Under the hood it’s a RAG pipeline which does semantic search over the festival data with ChromaDB vector storage, category filtering, and a FastAPI backend serving a React/TypeScript frontend.

Spotify Tools lets you set listening goals for artists, albums, and tracks you want to hear more of. It syncs with your Spotify listening history, tracks your progress, and generates playlists of exactly the music you still want to listen to. You also get detailed statistics about your listening habits.

Unfortunately, Spotify no longer verifies small apps from individual developers, so it is not publicly accessible. If you would like to try it, contact me with your email, and I can give you access.

ImpAmp is the soundboard Bedlam Theatre uses for live improv comedy, where a sound effect is only funny if you can find it before the performers move on. It supports multiple soundbanks, instant search, arming tracks, multiple sounds per pad, and Google Drive sync so you can share your soundbanks with the whole team.

This third version contains many improvements over the previous versions developed by the previous generation of IT, and was also an experiment in AI-driven development: I built it in Next.js using Claude 3.7 Sonnet and Gemini 2.5 back when agentic AI coding was just a few months old. It has been used to run shows ever since.

Black Lightning is the Ruby on Rails application behind bedlamtheatre.co.uk. It hosts the public website, show archive, and internal administration system of the Edinburgh University Theatre Company. This app keeps proposals, shows, seasons, and members organised and manageable for the committee and show teams.

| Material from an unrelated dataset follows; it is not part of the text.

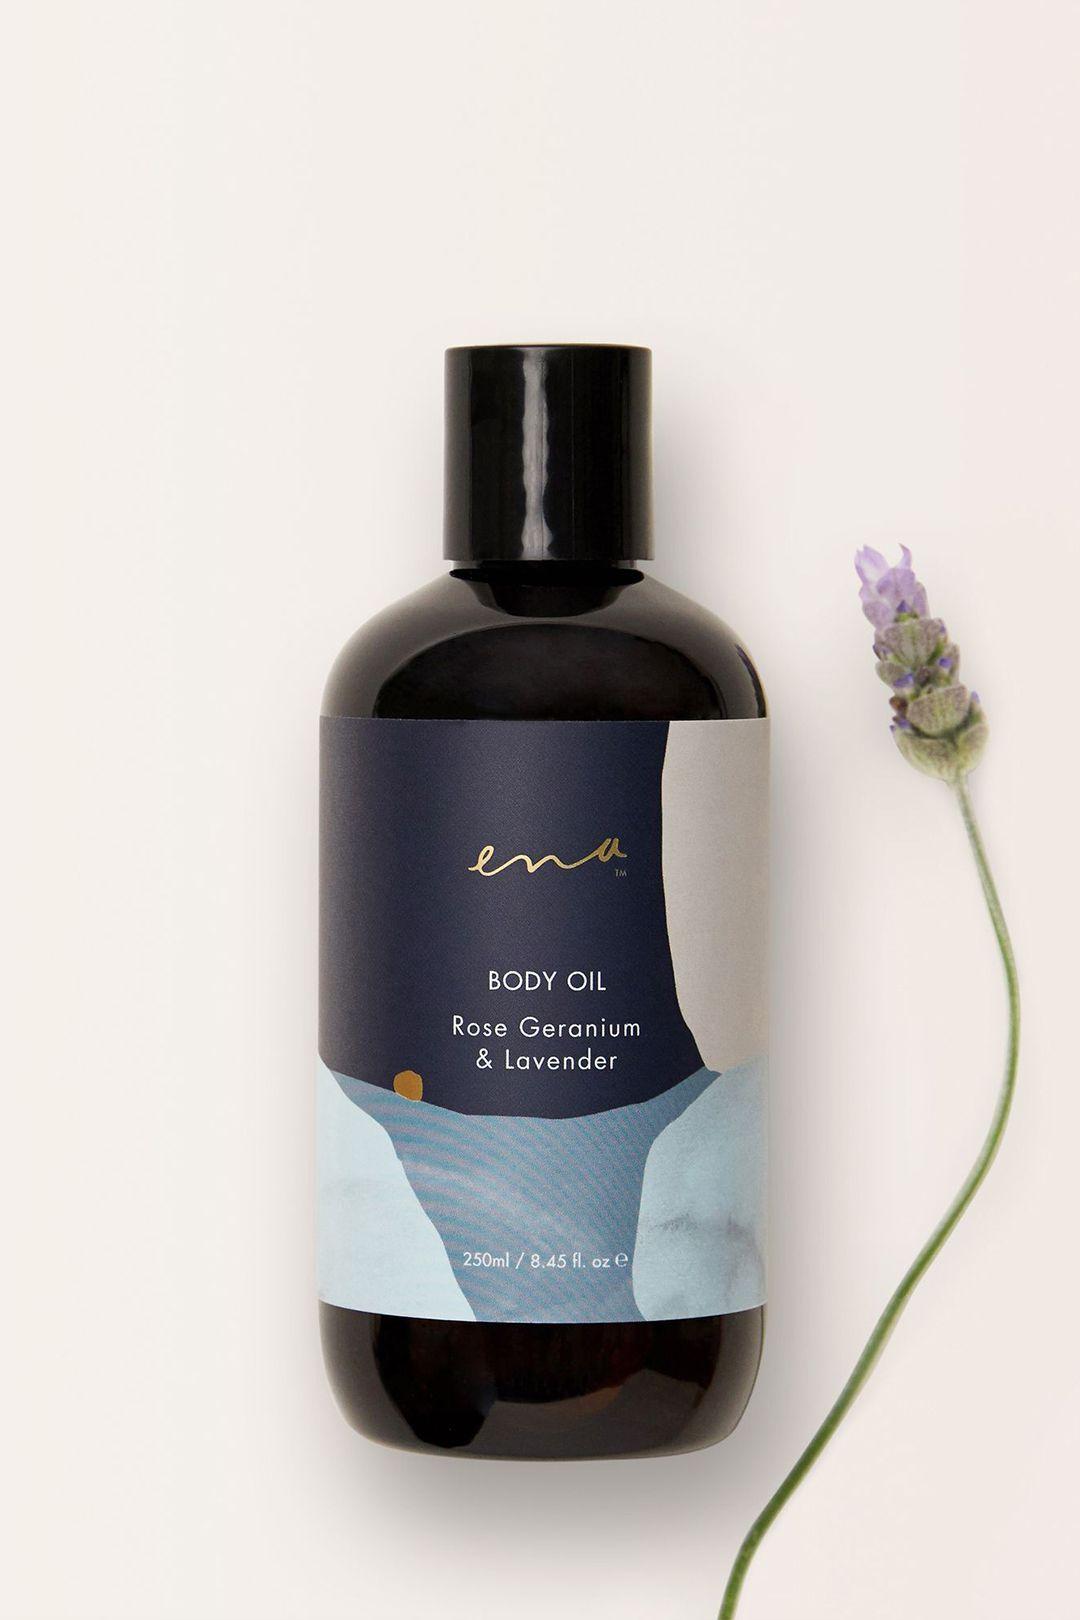 Ena-Body-Oil-Rose-Geranium-and-Lavender-Product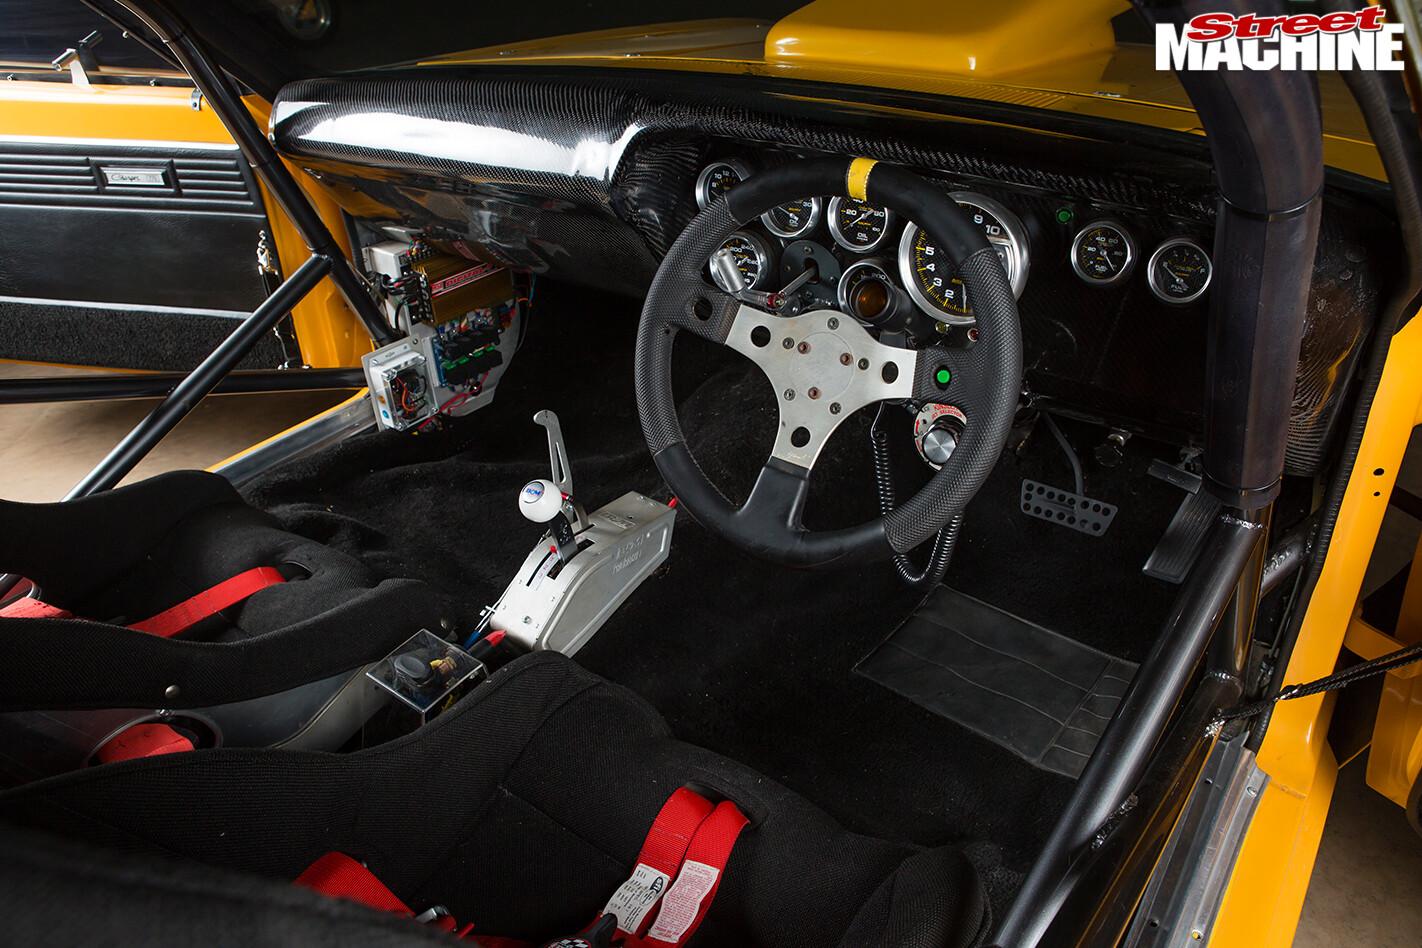 Chrysler -valiant -e 55-charger -interior -front

I took over maintenance of a codebase that had outlived several generations of student developers and carried it through major upgrades, from Rails 5 all the way to Rails 8, modernising the stack and Dockerising deployment along the way. It is where I learned most of my web development and product skills, because you learn most when writing code that is actually used by users who need it to do their jobs.